One of our fundamental beliefs at Milford is coupling our top-down macro view with on the ground bottom-up research. It’s an investment philosophy which over time has generated market leading risk adjusted returns in both up and down markets. It’s this reason why I was thrilled to be boarding QF11 bound for New York a fortnight ago for a trip across five states in seven days. The plan of attack was ambitious. Spend a few nights in New York jumping between company visits and some relevant global healthcare and diversified financial conferences before skipping over to Virginia, Atlanta and Denver for more of the same.
While the ability to conduct back-to-back zoom meetings has created some efficiencies in nurturing existing company relationships, it has no doubt added friction in establishing new ones. One thing I’ve learnt in nearly 13 years in small caps is the importance of face-to-face meetings. Not only are there tangible insights gained from better understanding the business and revenue model, industry dynamics and growth drivers which are all critical in our investment process, it’s sometimes the intangibles which are equally informative. How rundown are the warehouses, how do executives interact with colleagues, what motivates them or something as unsophisticated as… how flash are the cars in the staff car park?!
Below are three themes gained from my company visits including some general observations from the Land of Chick-Fill-A (couldn’t do it!):
I thought the labour market was tight in Australia, but it was nothing on the US
Even Taco bell deliveries have stickers pleading for applicants. This is in addition to regular ‘Now Hiring’ signs posted across retail stores screaming for workers. My Uber driver had just resigned from his full-time job driving light commercial in Atlanta in the prior week. “I could get another job within the week if I wanted, probably for more money.”

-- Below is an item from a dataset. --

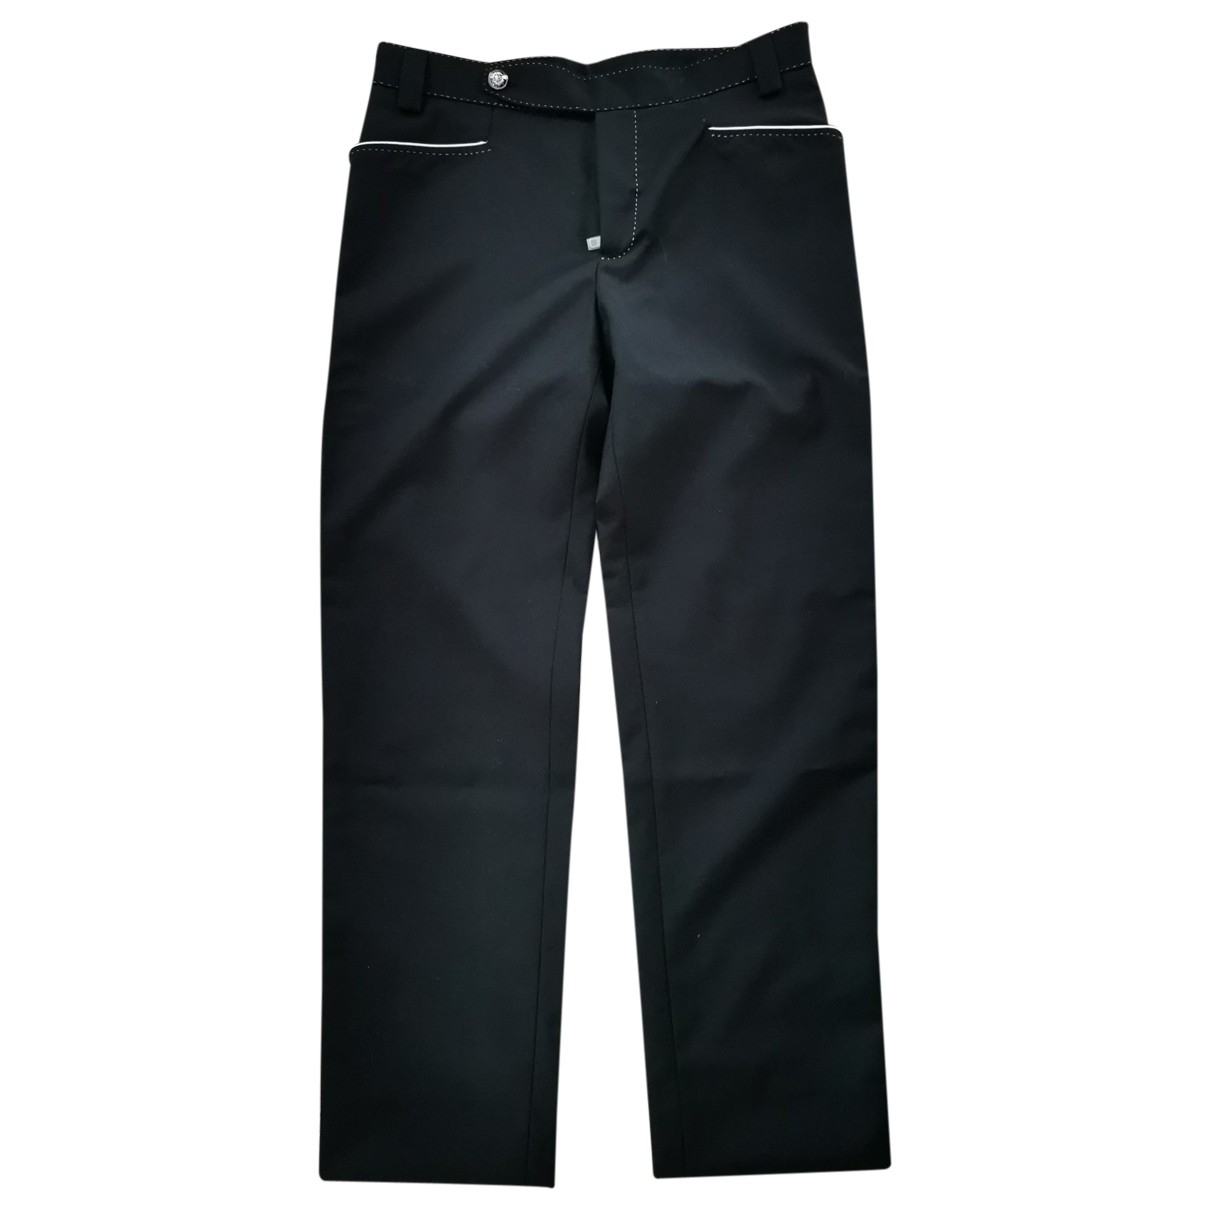 Pantalon de Lana Dolce & Gabbana

A sea of empty desks in every office visited highlighting power firmly in the hands of employees
In contrast to Sydney city’s workplace resurgence, I was surprised to see an ingrained preference to Work From Home (WFH). This feels far more entrenched than in Australia. A software business in Virginia was now completely remote (but still renting a floor of office space for now) with only 60% of staff actually living in the same state. The norm on average felt like 1-2 days a week across maybe 15+ companies visited.
The difference in WFH preference begs the question, why is the US different to other regions? I suspect it’s because they have the tightest employment market globally. They have just gone through the most incredible economic boom post covid, far more intense than any other country. The power balance is well and truly in the hands of the workers. After an arduous two years with Covid, i) there’s been a reduction in the ability for corporates to cultivate a positive culture, and ii) how do corporates offer development and personal growth for the next level of talent, when senior leaders and potential mentors are all working from home? . It’s not surprising workers are prioritising convenience over all else!
I’m personally of the view that as the US recalibrates to a more “normal” employment environment, one that is not so tight, an equilibrium will return.
Tail end of a spending boom
While in Denver and Atlanta I UBER’d to a few neighbourhoods on the outskirts of town to get a pulse of what’s happening on the ground. The retail destinations operate at the very sharp end of the consumer discretionary market. Typically, the leading indicators to any economy: used car dealers, performance motor bike retailers and a Recreational Vehicle (RV) dealer.
All dealers had something in common, an astonishing period of profit growth over 2020/21 and early 2022. Profits in the motorbike businesses were ‘incredible’, with profit ranging between 100-300% ahead of pre-covid levels. Interestingly the most in demand products has unusually not been road bikes, but Honda dirt bikes (US$10,000) and Yamaha Waverunner jet skis (US$20,000). Demand has been so strong, that the store manager needed to retrain staff in order to stop discounting prices to secure a sale! While demand was still reasonable, ‘there’s been a few blips in the past month since rate rises’. Perhaps this is a sign of things to come? Interestingly, new RV demand has already started to stall rapidly over the past two months with used vehicle lots struggling to move stock.
–Incredibly busy airports with full flights + pets on planes. Flights across the US were on time and efficient. I sat next to a German Shepherd with a muzzle on my flight from JFK to Norfolk, Virginia. The cat behind me was meowing in distress during take-off and landing.
–Payments were far more digitally enabled than my last visit in 2019. Very few occasions I needed cash. Even in NYC, it was paywave only on the subway.
–Chick-fil-A, as delivered, not sure where the top of the burger escaped too!
Travelling on the road seeing companies is always invaluable, with some of the learnings only recognised in the years to come. Overall, the trip highlighted to me:
- The US consumer is resilient but having last drinks, with a likely hangover to come.
- The job market still tight, this will likely mean inflation is stubbornly high for the next couple of quarters until the labour market cools.
- Early signs that the labour market is cooling has begun with many companies starting to talk about ‘cost reduction initiatives’. Are they recalibrating for a new reality?
- Be cautious on office real estate. While many listed REIT valuations have adjusted lower, this could be far more painful for office rents than many realise.